### [WHAT NEEDS TO BE DONE]
Everything in the listing below must be set down again exactly, apart from the pictures.

### [SUPPLIED DATA]
'''

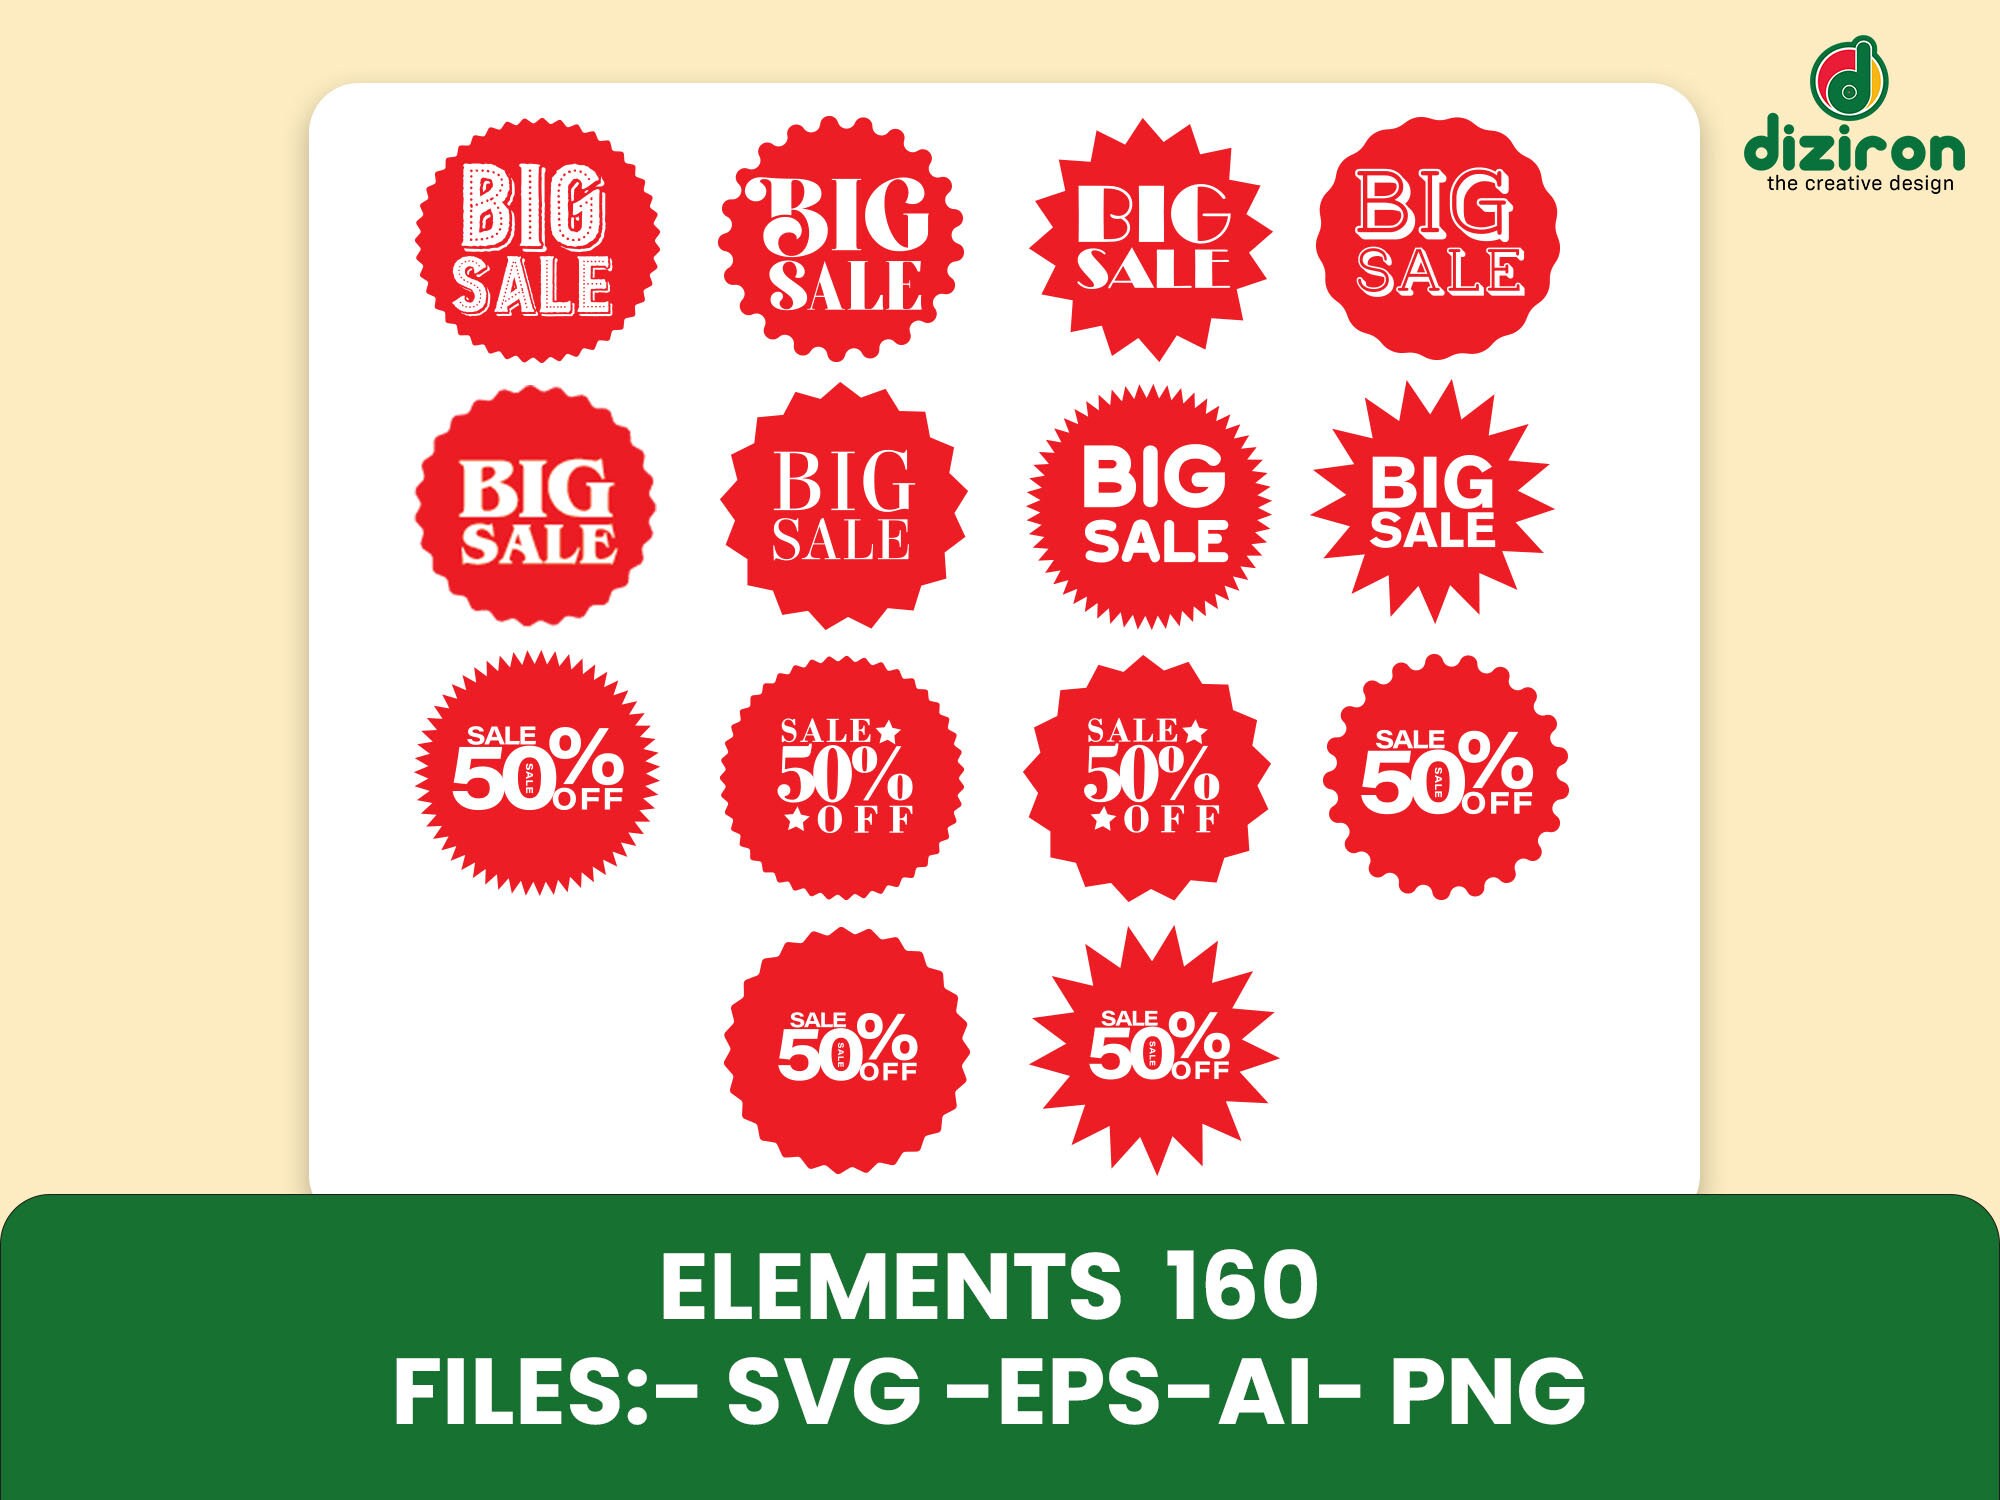 Garage Sale Stickers, Sale Stickers, Price Tag Stickers, Circle Stickers,  Garage Sale Labels, Printable Sale Labels Printable Sale Labels 1 
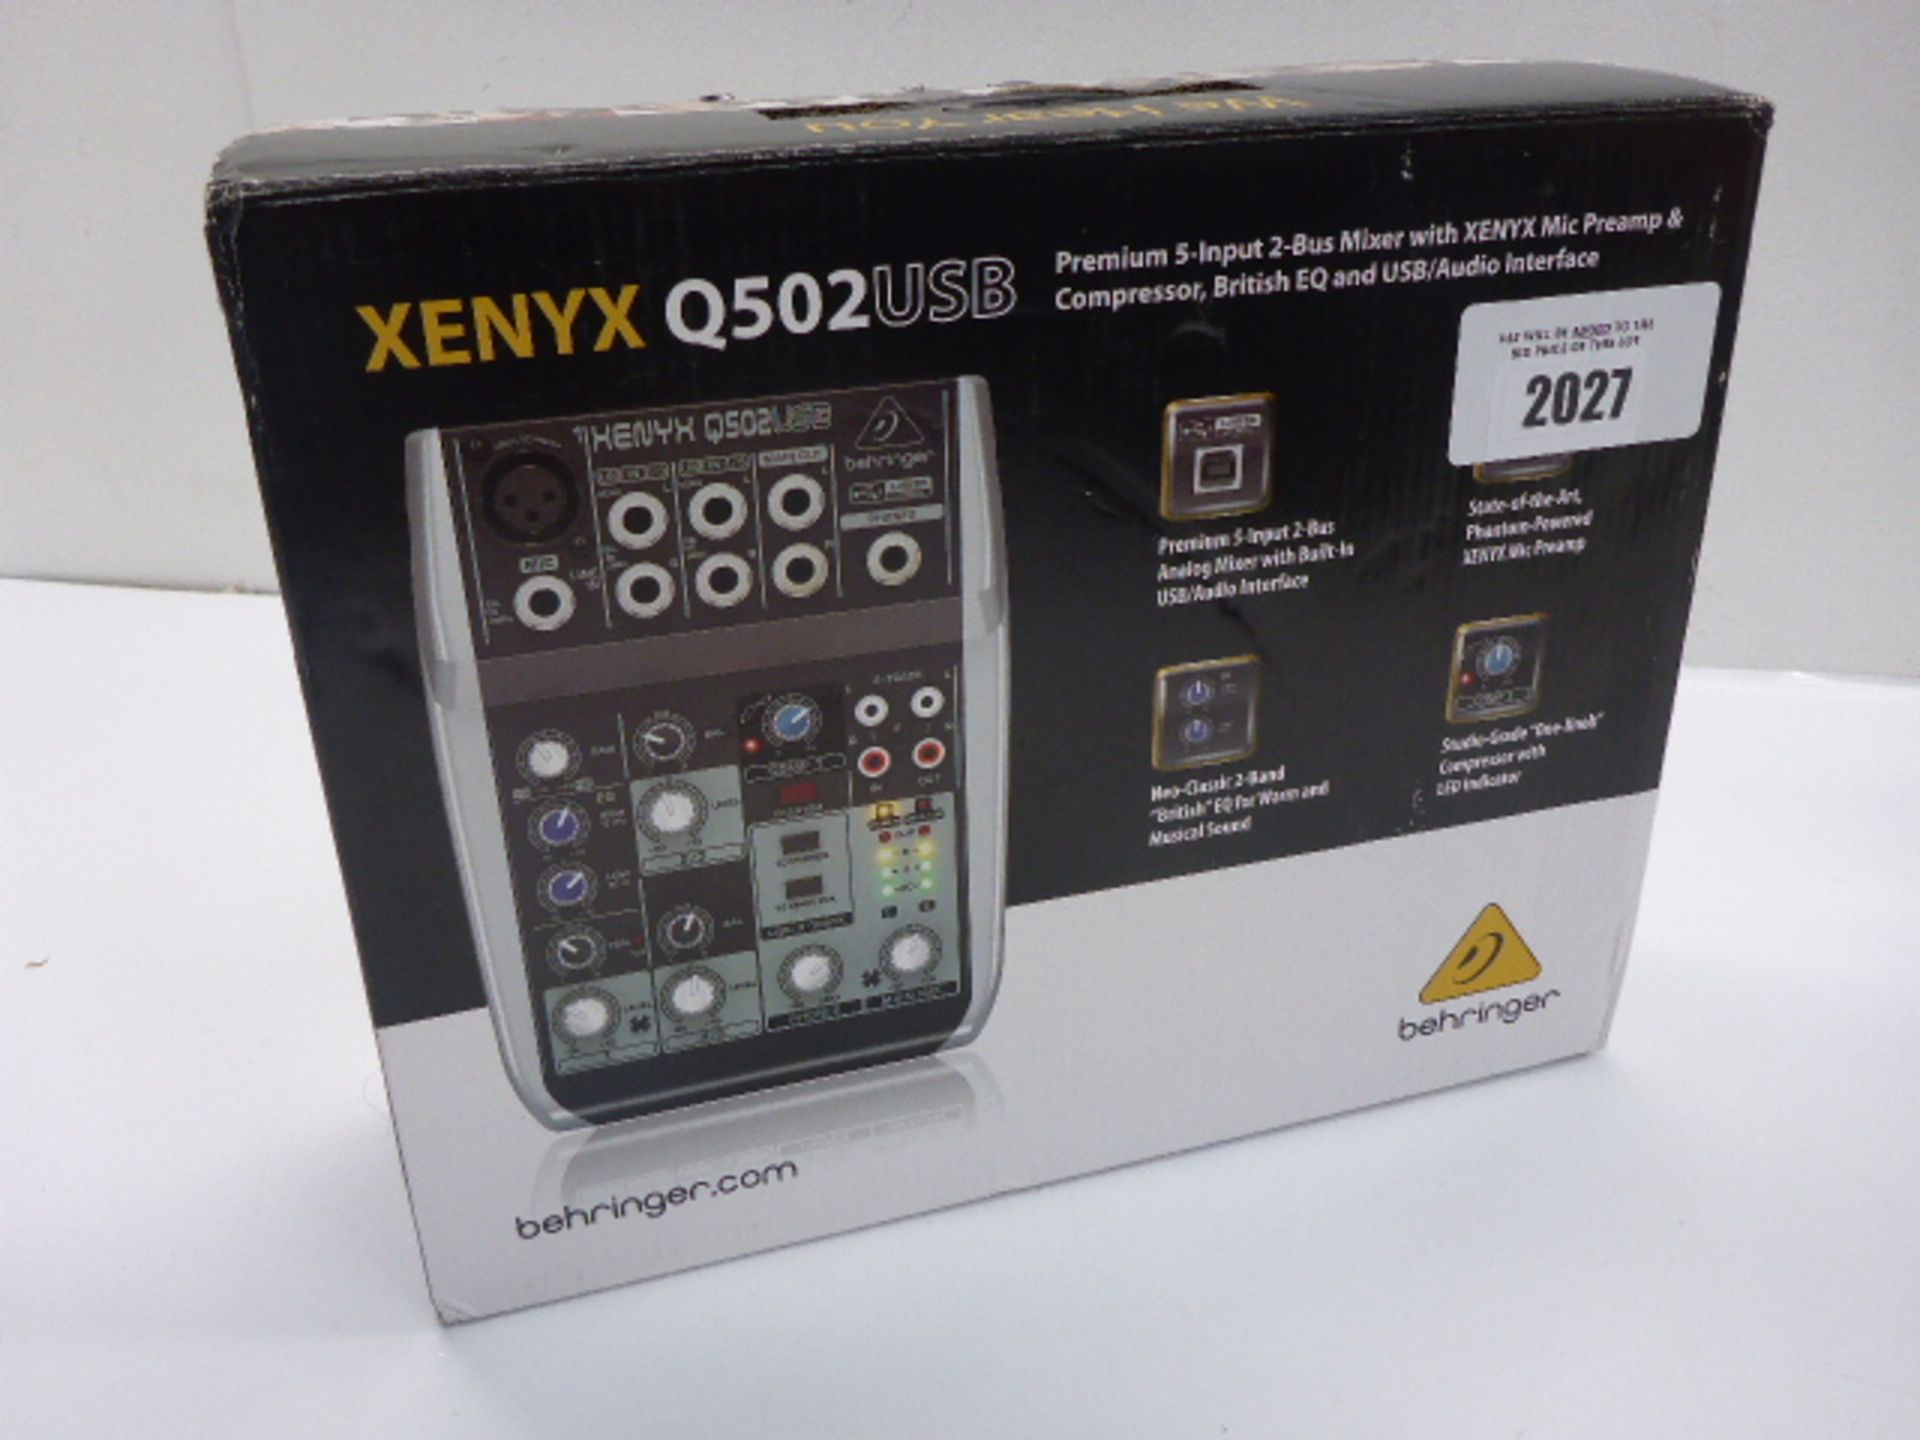 Behringer Xenyx Q502 usb 5 input 2 bus mixer boxed.
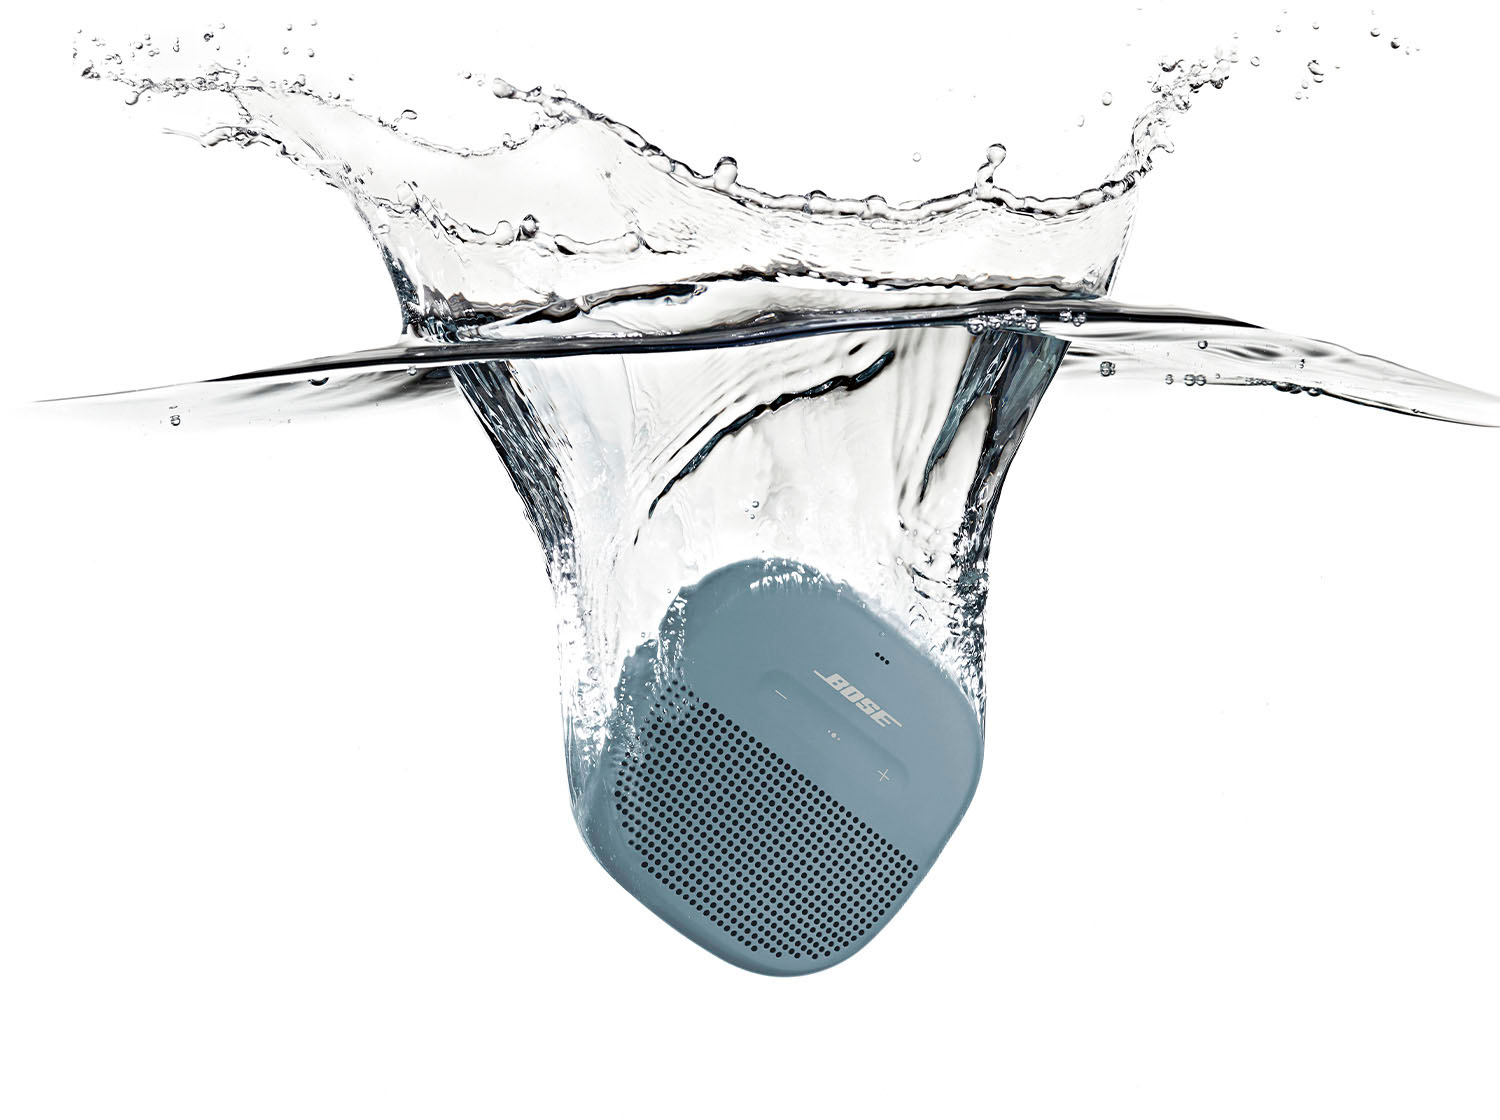 Bose SoundLink Micro Bluetooth Speaker with Waterproof in Stone Blue

'''

### [COMPLETED TASK]
 Garage Sale Stickers, Sale Stickers, Price Tag Stickers, Circle Stickers,  Garage Sale Labels, Printable Sale Labels Printable Sale Labels 1 
 Behringer Xenyx Q502 usb 5 input 2 bus mixer boxed.
 Bose SoundLink Micro Bluetooth Speaker with Waterproof in Stone Blue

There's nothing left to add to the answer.